A largo plazo, la cobardía, el confort, la inmadurez, la ignorancia, la indiferencia y la negación de la realidad, pasan una factura más alta que la que hay que pagar por intentar mantenerse rebeldes, conscientes y en congruencia a pesar de tenerlo todo en contra. Pero las masas y su apego a la inmediatez, no son capaces de ver más allá de su zona de confort y la infantil esperanza de que todo estará mejor en el futuro.
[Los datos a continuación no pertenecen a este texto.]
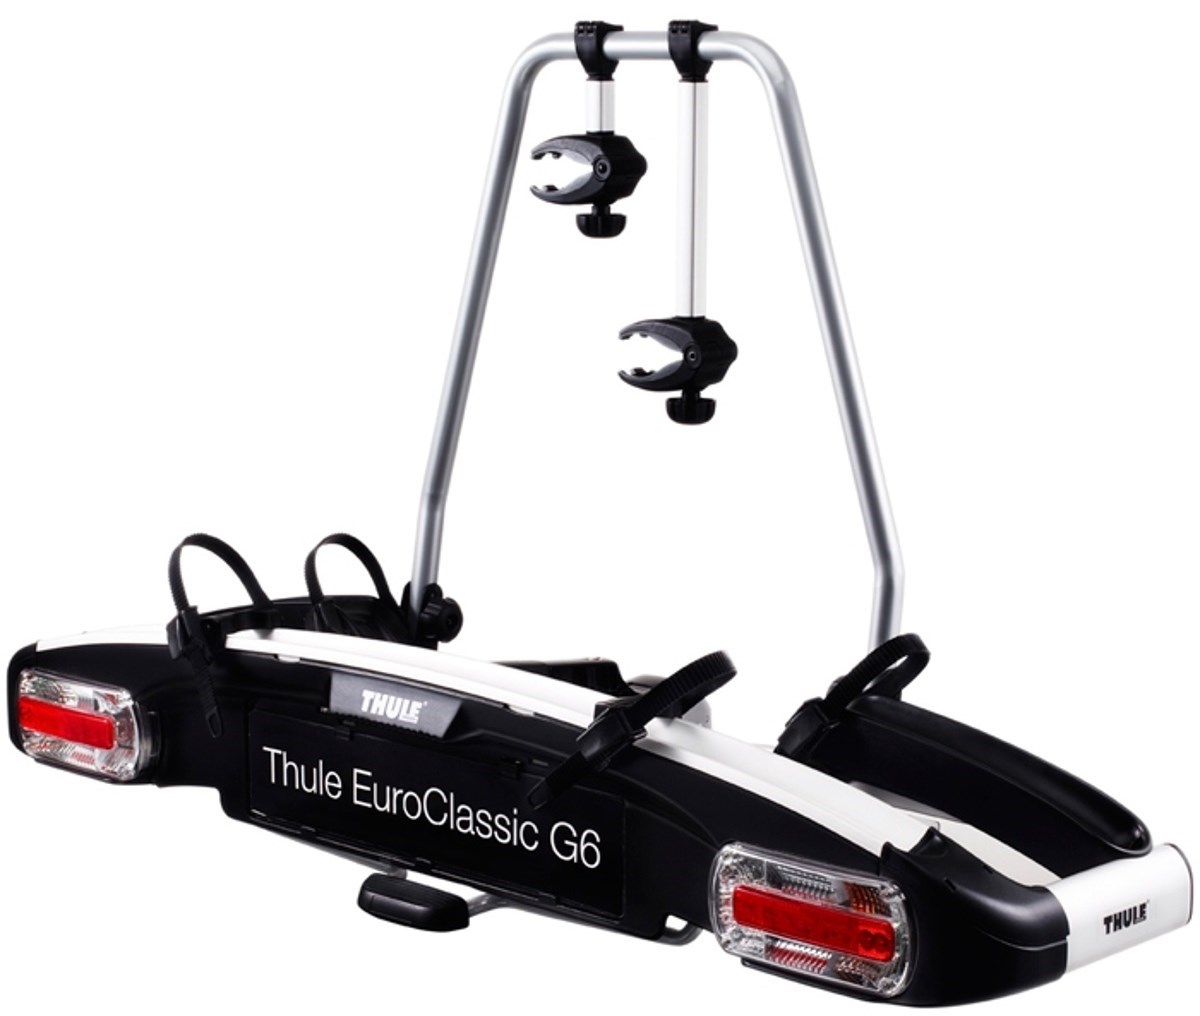 Thule 928 Euroclassic G6 2-bike towball Carrier product image

Quien quiera libertad, tiene que comenzar por liberarse de esta programación. Asumir una postura firme, consciente y madura ante la adversidad. Tiene que estar dispuesto a sufrir y a perderlo todo. A morir peleando y nunca rendirse ni traicionarse

El dolor está garantizado, tanto para los que están dispuestos a utilizarlo como vehículo para reencontrarse y salir de la prisión, como para quienes no quieran sacrificar nada y terminen quedándose anclados a sufrir eternamente. Quien quiera libertad tiene que trabajar duro para liberarse. Nada ni nadie lo hará en su lugar. Hay que comprometerse, disciplinarse, esforzarse y hacer de esto la meta prioritaria que hay que alcanzar en esta vida. No hay tiempo para continuar autocomplaciéndose, victimizándose y justificándose. Esto se hace completo o no se hace. Quien no esté dispuesto a renunciar a lo mundano fracasará en su intento de trascender.

Así que ya lo sabes. La salvación está en tus manos, pero no es gratis. Hay que ganársela todos los días, en cada momento. Cualquier cosa que no sea eso, será insuficiente. El sacrificio es grande, pero la recompensa es infinitamente mayor. ¿Estás dispuesto a pagar el precio?